▶ [PROBLEM TO SOLVE]
The lines to extract begin at the line that contains "Salmon Mousse (046) - Colorxs Quad Palette" and run through the last line of the listing; reproduce them exactly, minus any pictures.

▶ [DATA PROVIDED]
####

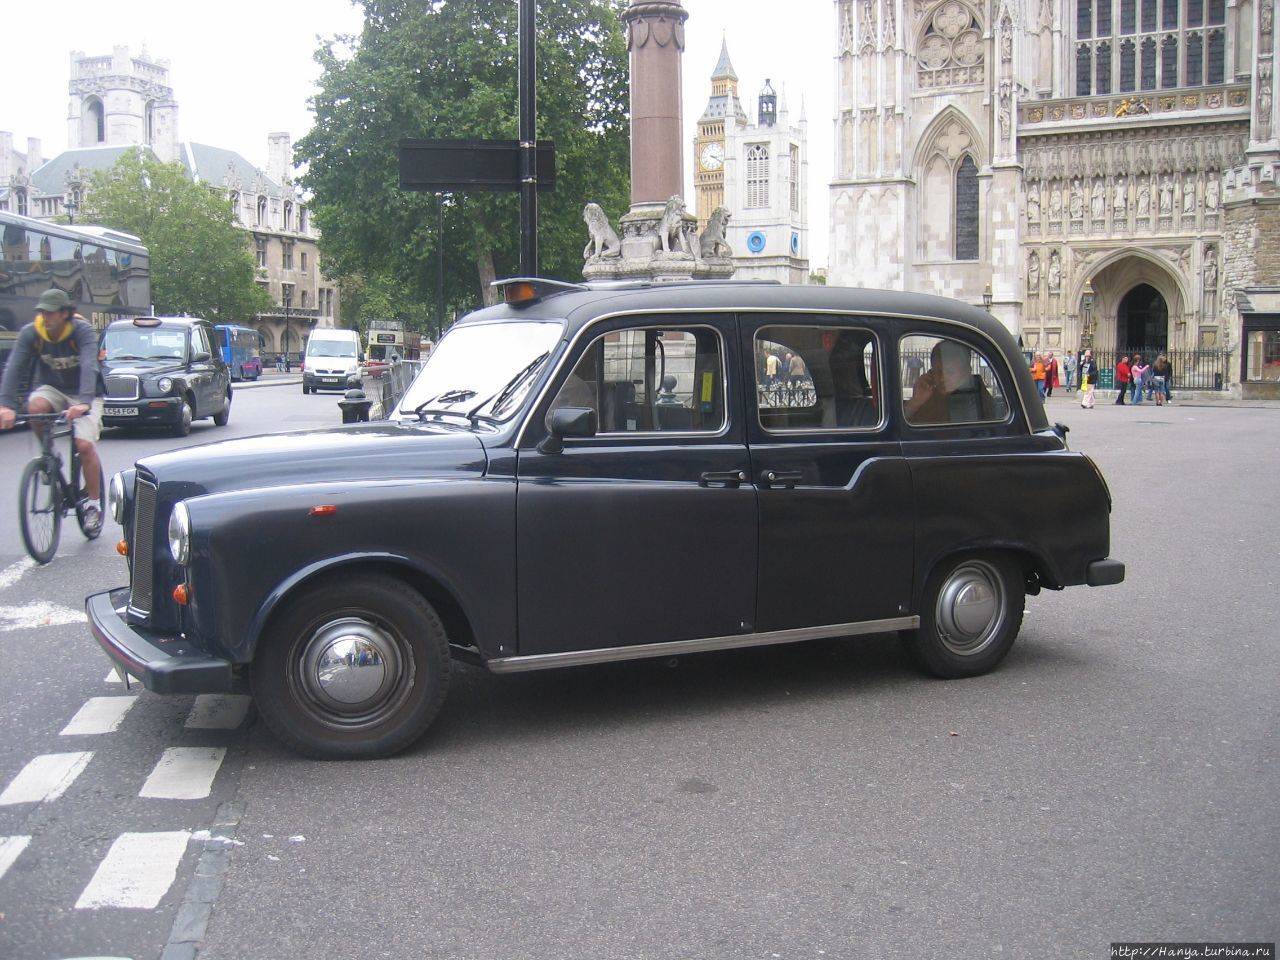 Знаменитый лондонский кэб-такси Лондон, Великобритания
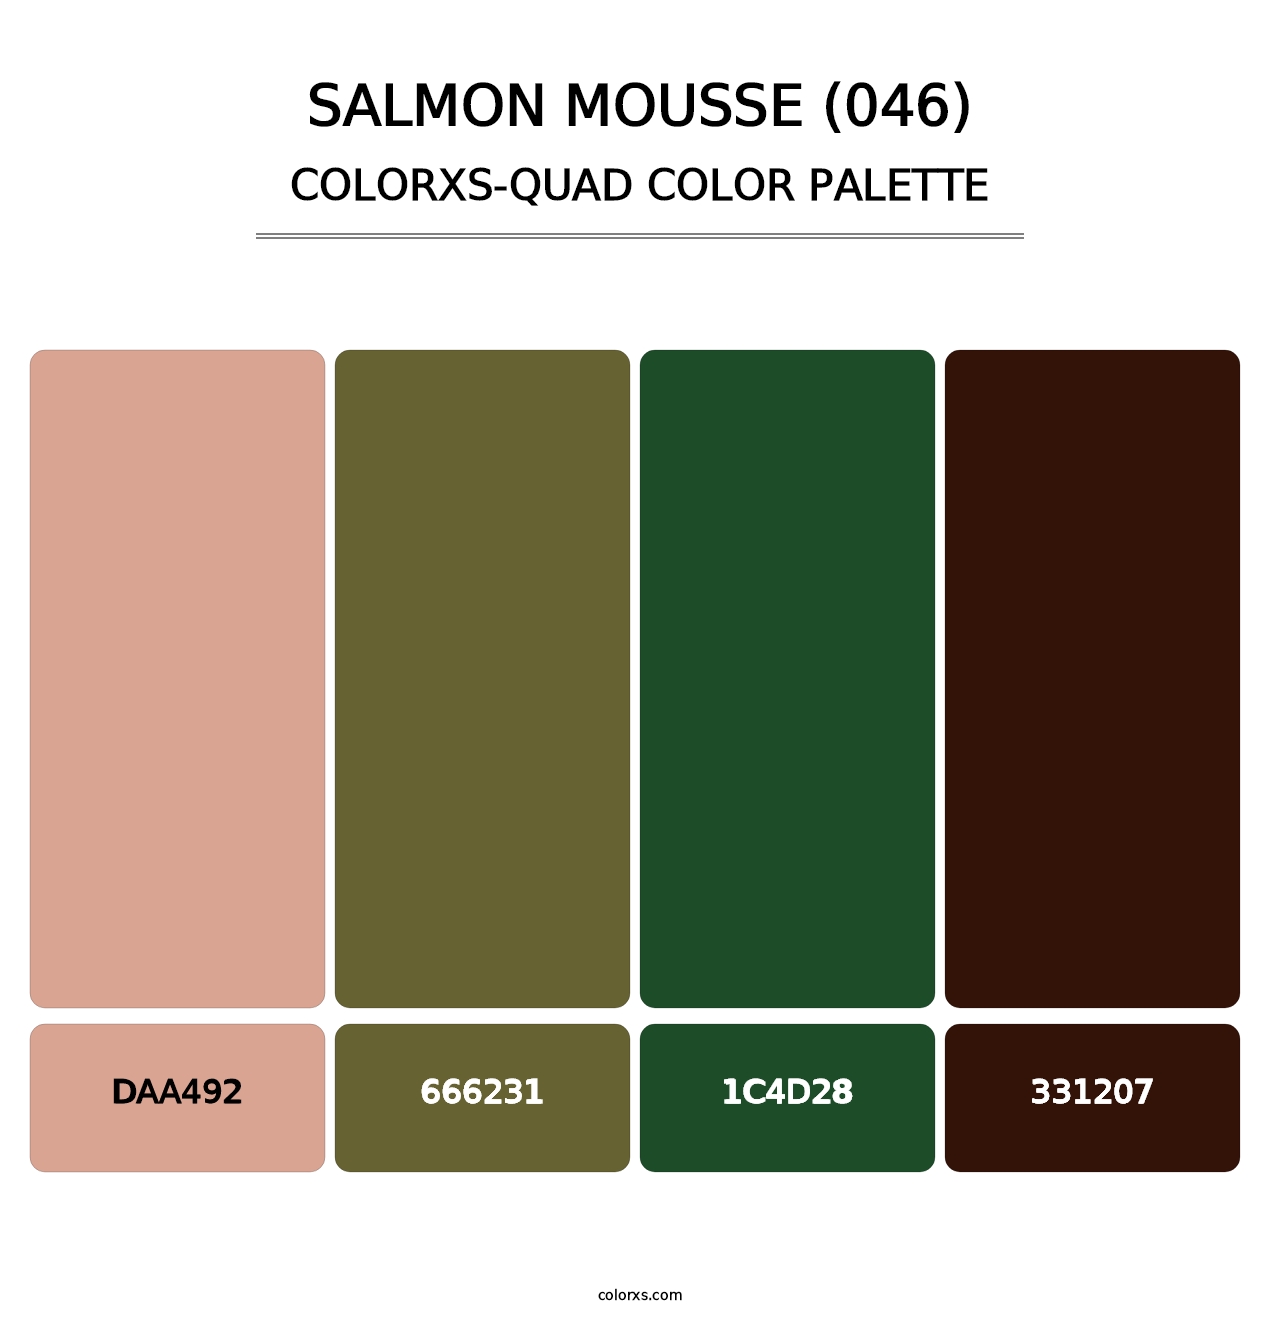 Salmon Mousse (046) - Colorxs Quad Palette
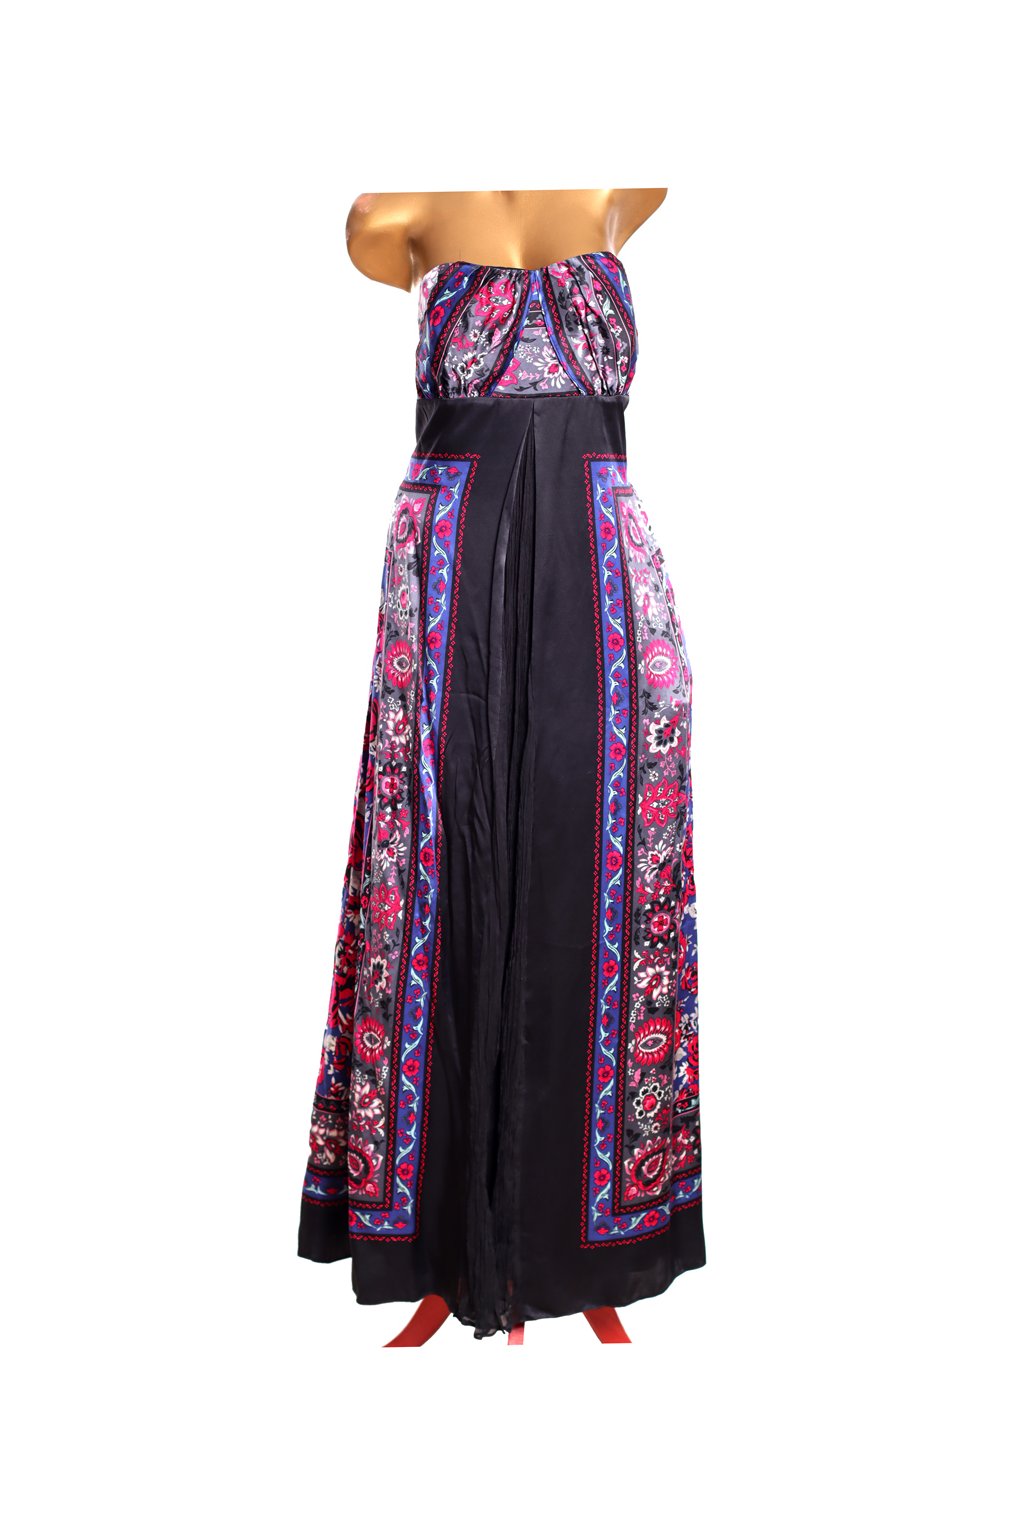 Dámské černé hedvábné společenské šaty s barevným vzorem / MonSoon / XXL (44) / ANGLIE

####

▶ [EXERCISE RESPONSE]
 Salmon Mousse (046) - Colorxs Quad Palette
 Dámské černé hedvábné společenské šaty s barevným vzorem / MonSoon / XXL (44) / ANGLIE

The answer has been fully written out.